🤖 AI Summary
Real-time novel view synthesis (NVS) from single-view, narrow-baseline inputs remains hindered by computational inefficiency, model bloat, and reliance on explicit 3D reconstruction—especially on mobile devices.
Method: We propose a lightweight, end-to-end framework tailored for mobile deployment. It features a novel multi-stage training strategy and a compact multi-encoder/decoder architecture; introduces a learnable spatial transformation module to implicitly model 3D image warping; incorporates a parallel occlusion-aware inpainting mechanism for enhanced robustness; and integrates camera pose embeddings for conditional view synthesis.

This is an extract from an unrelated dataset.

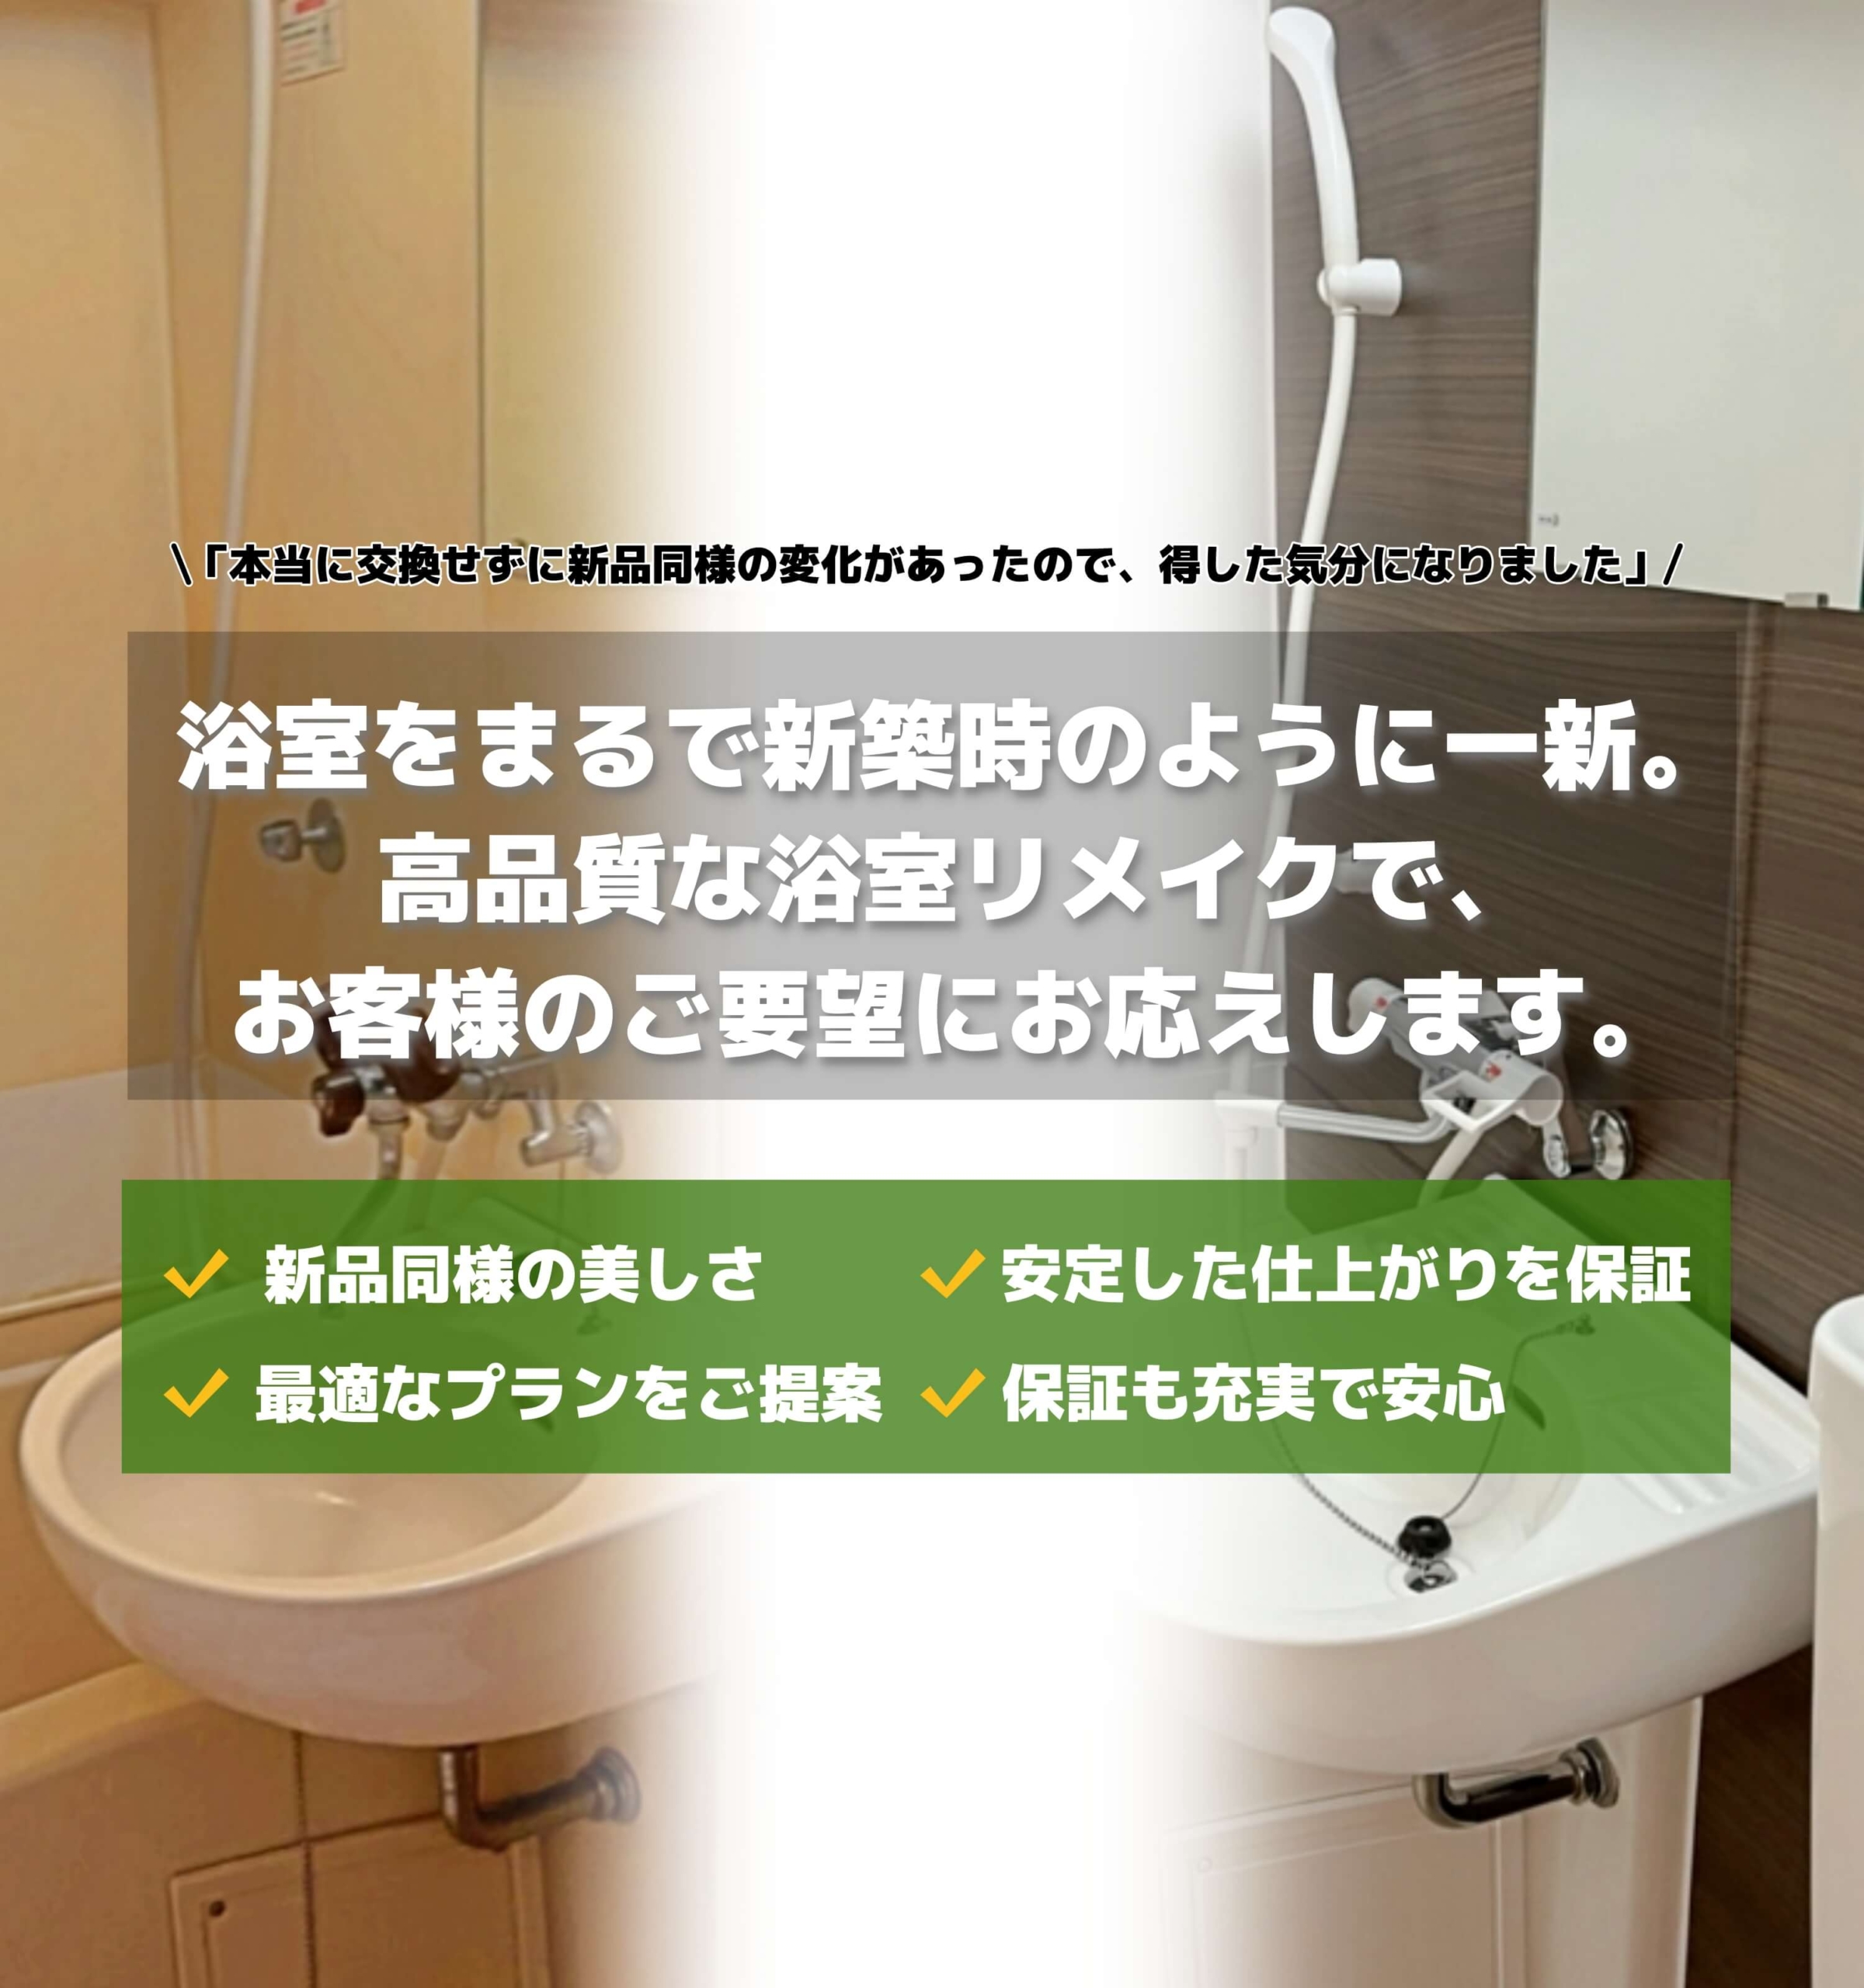 ko-rectはお手軽な価格で新品同様に浴室をリメイクします。

Contribution/Results: Trained on a subset of Open Images, our method surpasses state-of-the-art approaches: it achieves a 10× speedup in inference latency, reduces memory footprint by 6%, and delivers >30 FPS real-time performance on the Samsung Tab 9+, marking the first demonstration of high-quality, efficient narrow-baseline NVS on commodity mobile hardware.
📝 Abstract
Single-view novel view synthesis (NVS) is a notorious problem due to its ill-posed nature, and often requires large, computationally expensive approaches to produce tangible results. In this paper, we propose CheapNVS: a fully end-to-end approach for narrow baseline single-view NVS based on a novel, efficient multiple encoder/decoder design trained in a multi-stage fashion. CheapNVS first approximates the laborious 3D image warping with lightweight learnable modules that are conditioned on the camera pose embeddings of the target view, and then performs inpainting on the occluded regions in parallel to achieve significant performance gains. Once trained on a subset of Open Images dataset, CheapNVS outperforms the state-of-the-art despite being 10 times faster and consuming 6% less memory. Furthermore, CheapNVS runs comfortably in real-time on mobile devices, reaching over 30 FPS on a Samsung Tab 9+.